2006-03-29 Thread Robin Green
On Wed, 29 Mar 2006 12:50:02 +0100
Jon Fairbairn [EMAIL PROTECTED] wrote:
 There are some observations I'd like to make, and a
 proposal. Since the proposal relates (in a small way) to
 concurrency and is, I think worthwhile, I've cc'd this
 message to haskell-prime.
 
 1) choosing the optimal reduction strategy is undecidable
 
 2) we shouldn't (in general) attempt to do undecidable
things automatically
 
 3) Separation of concerns: Pragmatic decisions about
evaluation order should be kept separate from the
denotational aspect of the code. By this token, seq
shouldn't be a function (because it isn't one), but a
pragma.  The fact that it's shorter to write seq a b than
{-# SEQ a #-} b is a matter of syntax, so shouldn't rate
highly in language design decisions. Perhaps we want a
different syntax for this kind of pragma, but that's a
side issue.

I don't like pragmas because (at least in C) they are defined to be
optional and can be ignored by the compiler. We need optimisation
methods that work across all Haskell implementations (of a given
Haskell standard).

I suggest that a Haskell program should be treated as an executable
specification. In some cases the compiler can't optimise the program
well enough, so we (by which I mean, ordinary programmers, not compiler
geeks) should be able to explicitly provide our own optimisations, as
rewrite rules (generalised ones, or specialised ones for individual
functions). Democratise the means of automated optimisation! Then we
should be able to prove formally that our rewrite rules preserve
functional correctness. This is the approach I am pursuing in the
programming language I am working on, which is a derivative of Haskell.

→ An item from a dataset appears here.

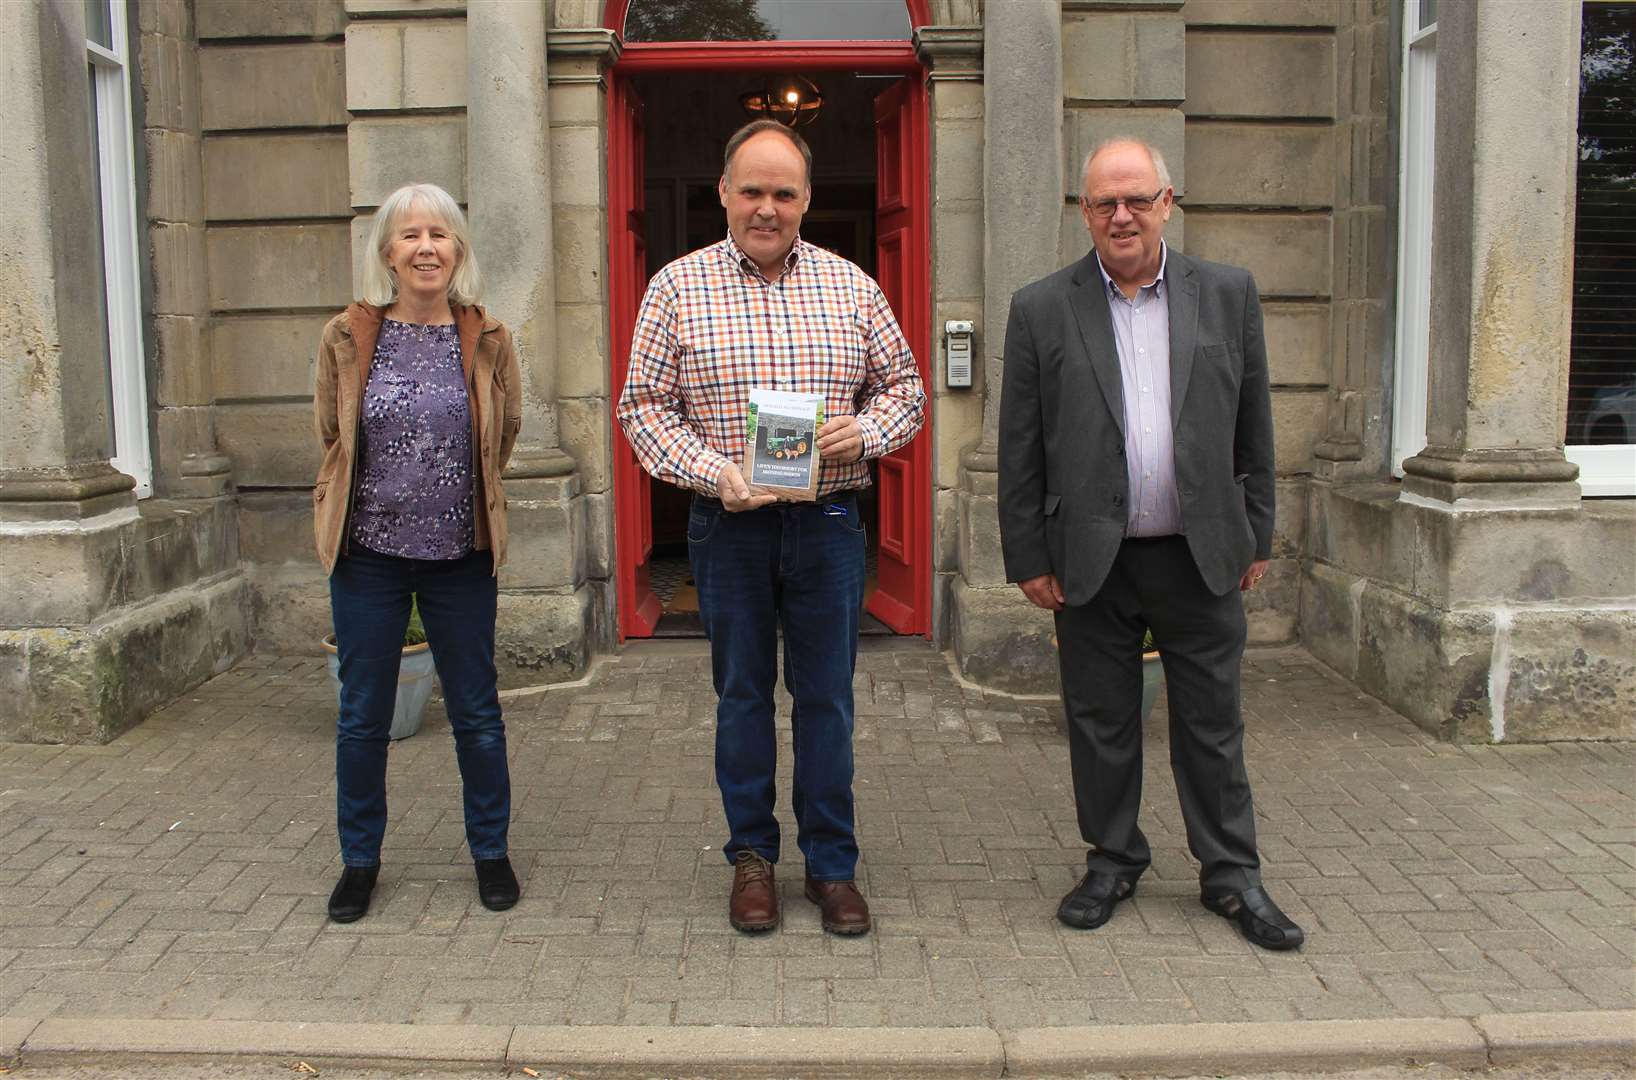 Donald MacDonald (centre) with Chris Nicolson and Ian Leith outside the Manor House hotel in Thurso where Life’s Too Short for Ironing Shirts was launched. Picture: Alan Hendry

(In principle you could write rewrite rules in Template Haskell, but I
don't know if anyone has tried that.)

This way of looking at it is nice, because then we don't have to shut
off whole avenues of fruitful thought, on the grounds of Oh no, the
compiler is far too stupid to do that, or Oh no, that's far too much
of a special case for this particular example, and it would bloat the
compiler too much to include little things like this.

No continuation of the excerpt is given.